Lab 8: Object recognition with convolutional neural networks#
In this lab we consider the CIFAR dataset, but model it using convolutional neural networks instead of linear models. There is no separate tutorial, but you can find lots of examples in the lecture notebook on convolutional neural networks.
Tip: You can run these exercises faster on a GPU (but they will also run fine on a CPU). If you do not have a GPU locally, you can upload this notebook to Google Colab. You can enable GPU support at “runtime” -> “change runtime type”.
import tensorflow as tf
import os
tf.config.experimental.list_physical_devices('GPU') # Check whether GPUs are available
os.environ['TF_CPP_MIN_LOG_LEVEL'] = "2"
%matplotlib inline
import openml as oml
import matplotlib.pyplot as plt
# Download CIFAR data. Takes a while the first time.
# This version returns 3x32x32 resolution images.
# If you feel like it, repeat the exercises with the 96x96x3 resolution version by using ID 41103
cifar = oml.datasets.get_dataset(40926)
X, y, _, _ = cifar.get_data(target=cifar.default_target_attribute, dataset_format='array');
cifar_classes = {0: "airplane", 1: "automobile", 2: "bird", 3: "cat", 4: "deer",
5: "dog", 6: "frog", 7: "horse", 8: "ship", 9: "truck"}
# The data is in a weird 3x32x32 format, we need to reshape and transpose
Xr = X.reshape((len(X),3,32,32)).transpose(0,2,3,1)
# Take some random examples, reshape to a 32x32 image and plot
from random import randint
fig, axes = plt.subplots(1, 5, figsize=(10, 5))
for i in range(5):
n = randint(0,len(Xr))
# The data is stored in a 3x32x32 format, so we need to transpose it
axes[i].imshow(Xr[n]/255)
axes[i].set_xlabel((cifar_classes[int(y[n])]))
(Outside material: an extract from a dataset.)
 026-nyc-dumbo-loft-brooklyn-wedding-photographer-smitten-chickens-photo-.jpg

axes[i].set_xticks(()), axes[i].set_yticks(())
plt.show();
Exercise 1: A simple model#
Split the data into 80% training and 20% validation sets
Normalize the data to [0,1]
Build a ConvNet with 3 convolutional layers interspersed with MaxPooling layers, and one dense layer.
Use at least 32 filters in the first layer and ReLU activation.
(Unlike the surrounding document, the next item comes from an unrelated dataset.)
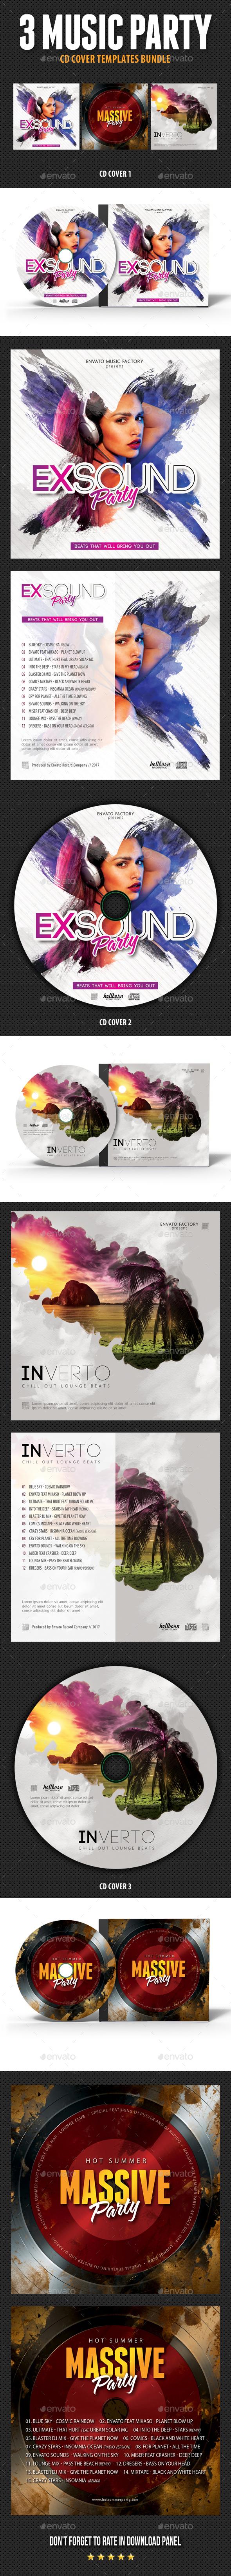 3 Music Party CD Cover Bundle V1 - CD & DVD Artwork Print Templates

Otherwise, make rational design choices or experiment a bit to see what works.
You should at least get 60% accuracy.
For training, you can try batch sizes of 64, and 20-50 epochs, but feel free to explore this as well
Plot and interpret the learning curves
from sklearn.model_selection import train_test_split
X_train, X_test, y_train, y_test = train_test_split(Xr,y, stratify=y, train_size=0.8)
from tensorflow.keras.utils import to_categorical
X_train = X_train / 255.
X_test = X_test / 255.
y_train = to_categorical(y_train)
y_test = to_categorical(y_test)
from tensorflow.keras import layers
from tensorflow.keras import models
model = models.Sequential()
model.add(layers.Conv2D(32, (3, 3), activation='relu', input_shape=(32, 32, 3)))
model.add(layers.MaxPooling2D((2, 2)))
model.add(layers.Conv2D(64, (3, 3), activation='relu'))
model.add(layers.MaxPooling2D((2, 2)))
model.add(layers.Conv2D(64, (3, 3), activation='relu'))
model.add(layers.Flatten())
model.add(layers.Dense(64, activation='relu'))
model.add(layers.Dense(10, activation='softmax'))
model.compile(optimizer='rmsprop',
loss='categorical_crossentropy',
metrics=['accuracy'])
history = model.fit(X_train, y_train, epochs=25, batch_size=64, verbose=0,
validation_data=(X_test, y_test))
Metal device set to: Apple M1 Pro
import pandas as pd
import numpy as np
pd.DataFrame(history.history).plot(lw=2,style=['b:','r:','b-','r-']);
print("Max val_acc",np.max(history.history['val_accuracy']))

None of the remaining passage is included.